United States Employment and HR

On December 31, 2012, the Internal Revenue Service ("IRS") released Revenue Procedure 2013-12 (the "Revenue Procedure") updating the Employee Plans Compliance Resolution System ("EPCRS").

What Is EPCRS?

EPCRS, first introduced in 2000 and updated periodically, provides several procedures under which employers sponsoring qualified plans (e.g., Section 401(k) plans), annuity plans (e.g., Section 403(b) plans) and certain individual retirement accounts (e.g., SEPs) can correct errors in their retirement plans. Some errors may be corrected without formal submission to the IRS, while others may require formal application and payment of a compliance fee or payment of a negotiated sanction amount. The IRS will not disqualify a retirement plan for an error that is corrected in accordance with EPCRS.

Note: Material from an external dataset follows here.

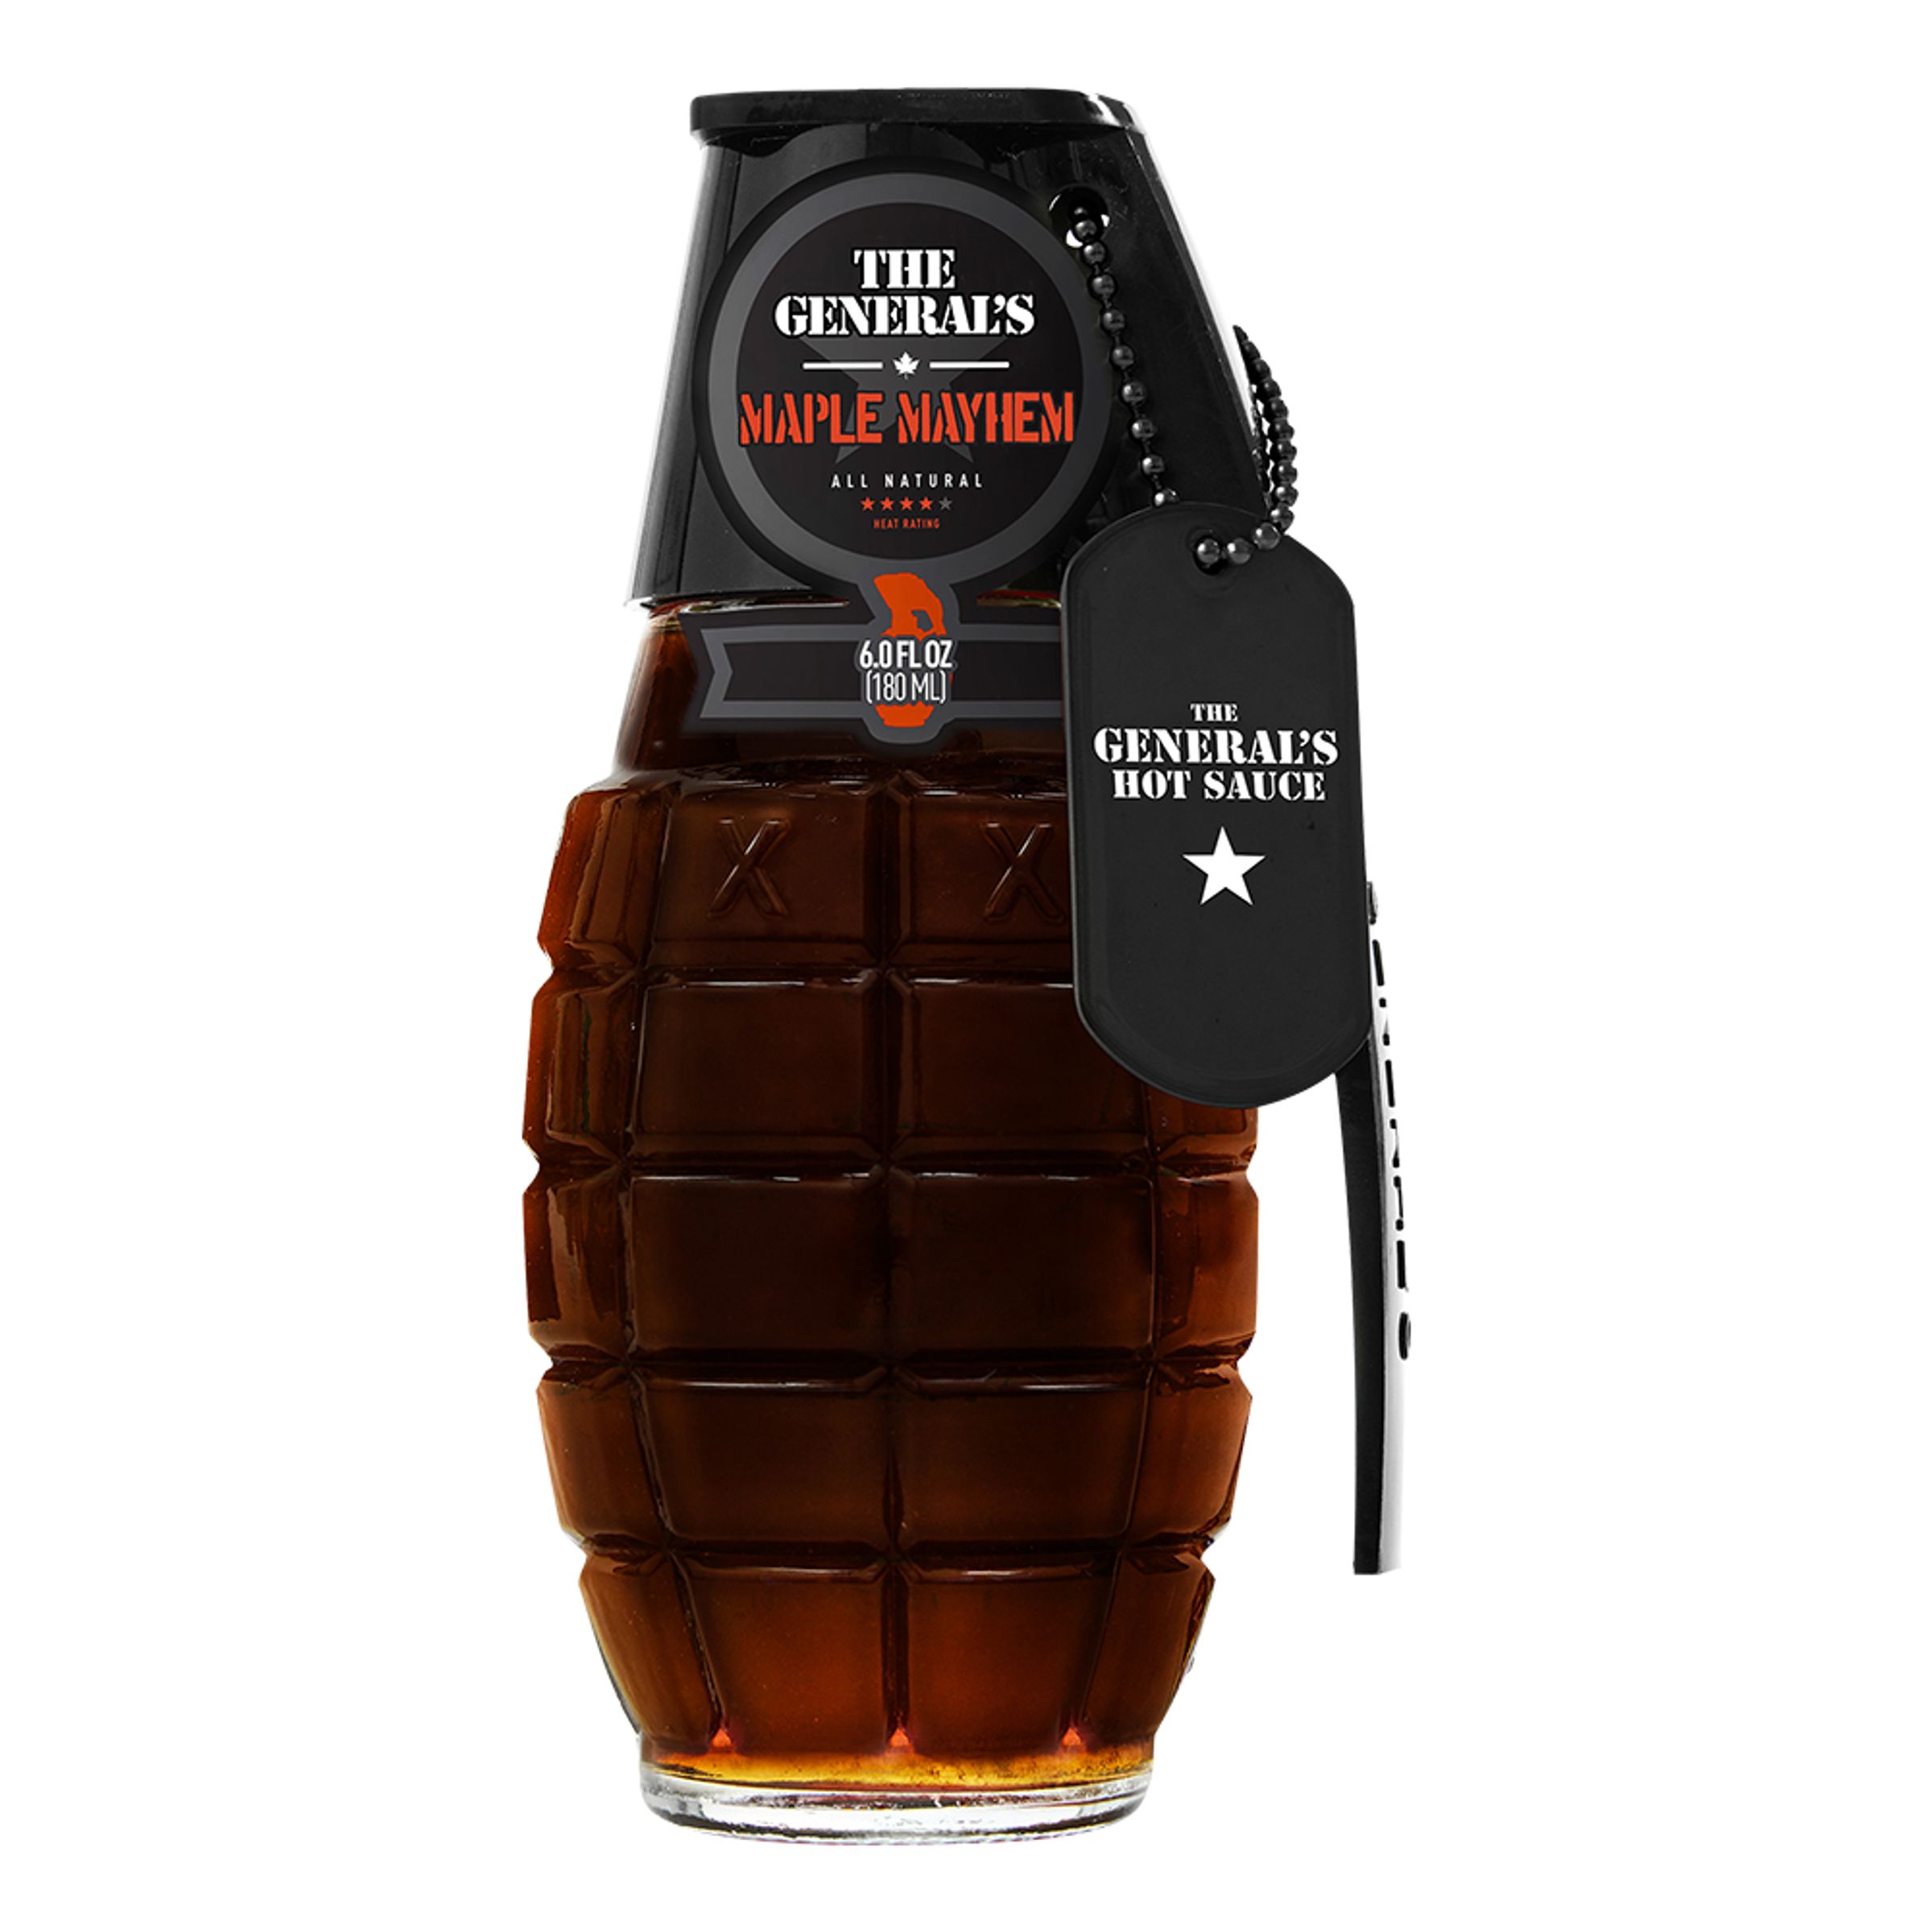 The General's Hot Sauce - Maple Mayhem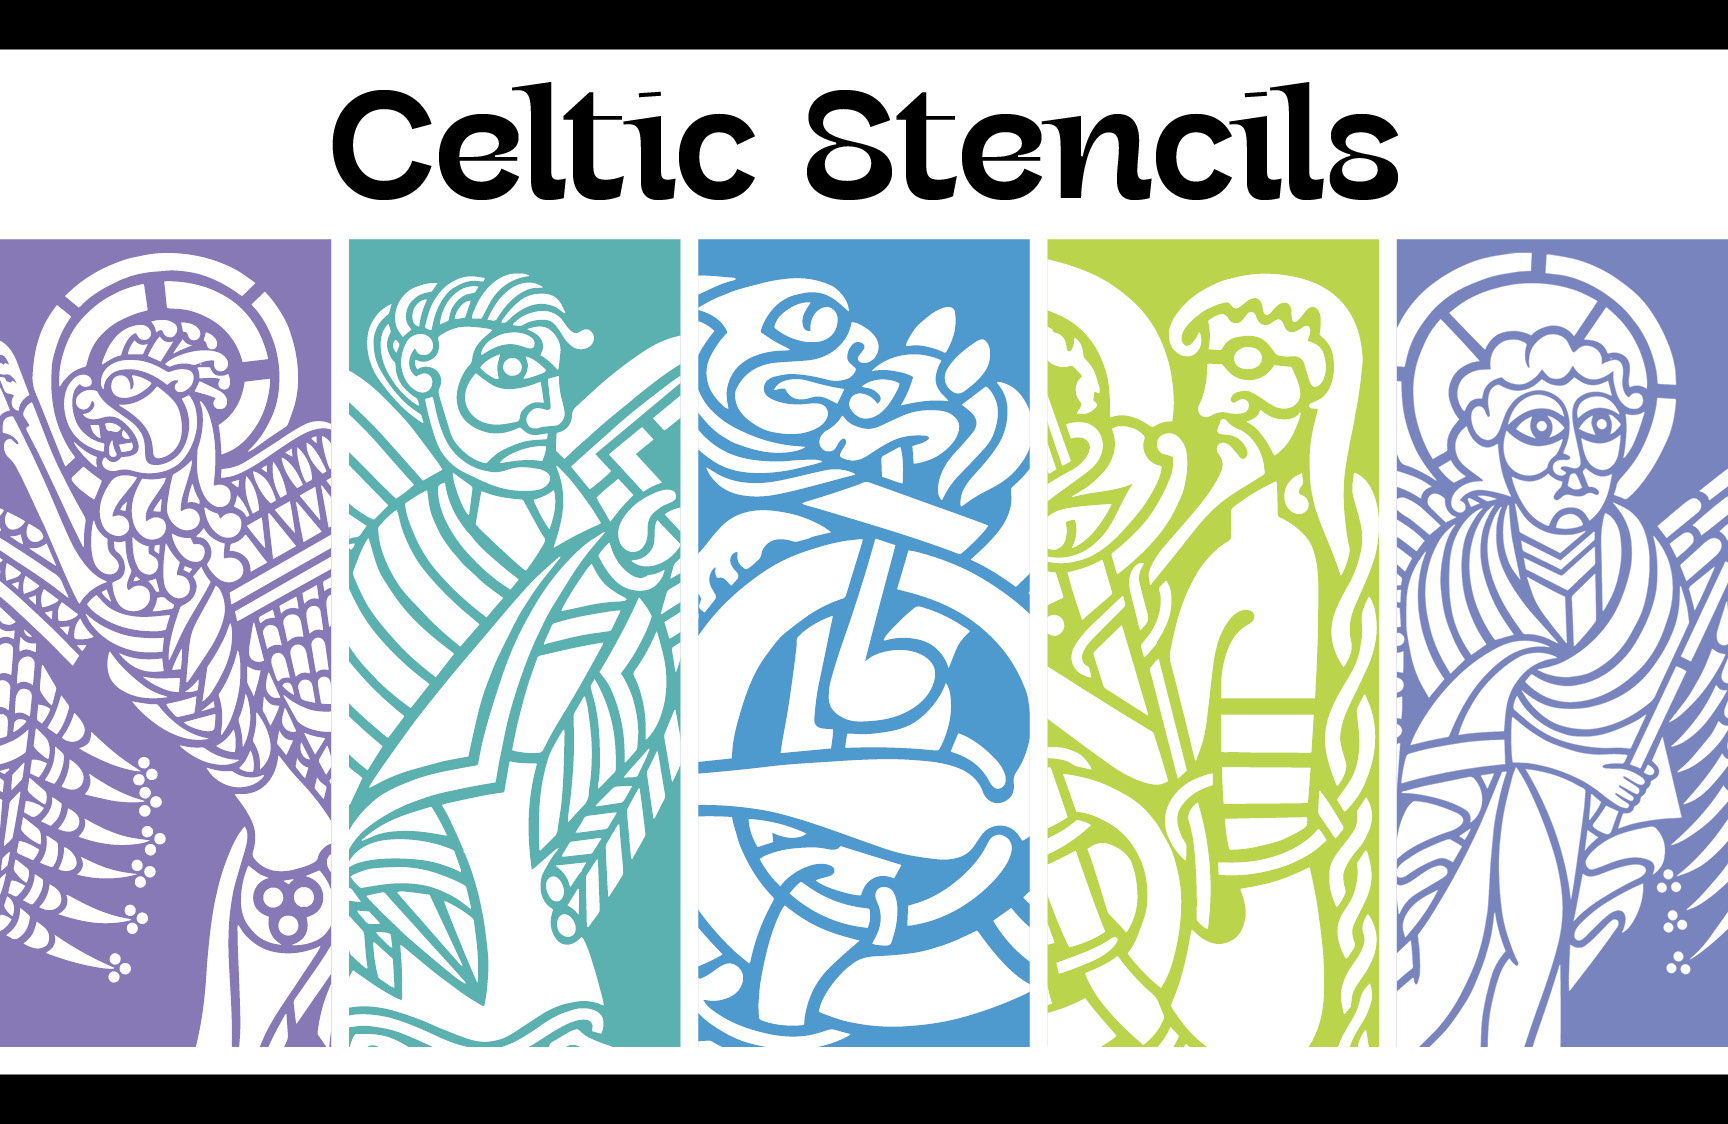 Celtic Stencils by Co Spinhoven on Granite Bay Graphic Design

Expanding Program for Section 403(b) Plans

The most significant change is the expansion of the correction procedures for Section 403(b) plan errors. Previously, the ability to correct Section 403(b) errors was limited to certain specified failures, such as the inclusion of employees of a for-profit entity or the failure to satisfy the nondiscrimination rules for employer matching contributions. Now Section 403(b) plan errors occurring on or after January 1, 2009, can be corrected generally in the same manner as qualified plans, including corrections for the failure to maintain a written plan document in accordance with the Internal Revenue Code and applicable regulations and the failure to operate the Section 403(b) plan in accordance with its terms. The ability to correct Section 403(b) plan errors that occurred prior to January 1, 2009, is more limited.

Other Significant Changes

Other significant changes include:

  • Permitting preapproved plans, such as master and prototype or volume submitter documents, to maintain reliance on their opinion or advisory letter for errors corrected through an amendment not provided for among the preapproved plans' provisions. Previously such amendments would cause the preapproved plans to lose reliance on the opinion or advisory letter and cause the plans to lose their ability to remain within the six-year remedial amendment cycle for such plans.
  • Expanding the errors that can be corrected using a reduced compliance fee. Among other errors, the reduced fee schedule will apply to certain failures to adopt an amendment upon which a favorable determination letter is conditioned.
  • Clarifying the actuarial factors that must be used to correct errors involving distributions from defined benefit plans.
  • Adding correction procedures for the payment of benefits from a defined benefit plan in which the plan's funding percentage ("AFTAP") is below a certain level, including payments to a spouse from whom proper consent was not obtained.
  • Providing a limited exception to the requirement that a plan sponsor repay the amount of an overpayment from a defined contribution plan or 403(b) plan in those cases where the participant fails to repay such amount.
  • Allowing the IRS to convert a compliance fee check to an electronic fund transfer.

What Should Employers Do?

In light of this update, employers, especially sponsors of Section 403(b) plans, may wish to review their retirement plan documents and operations to identify possible errors and consider correcting them under the new and improved EPCRS. The Revenue Procedure is effective on April 1, 2013. However, beginning December 31, 2012, employers can elect to correct plan errors in accordance with the new Revenue Procedure.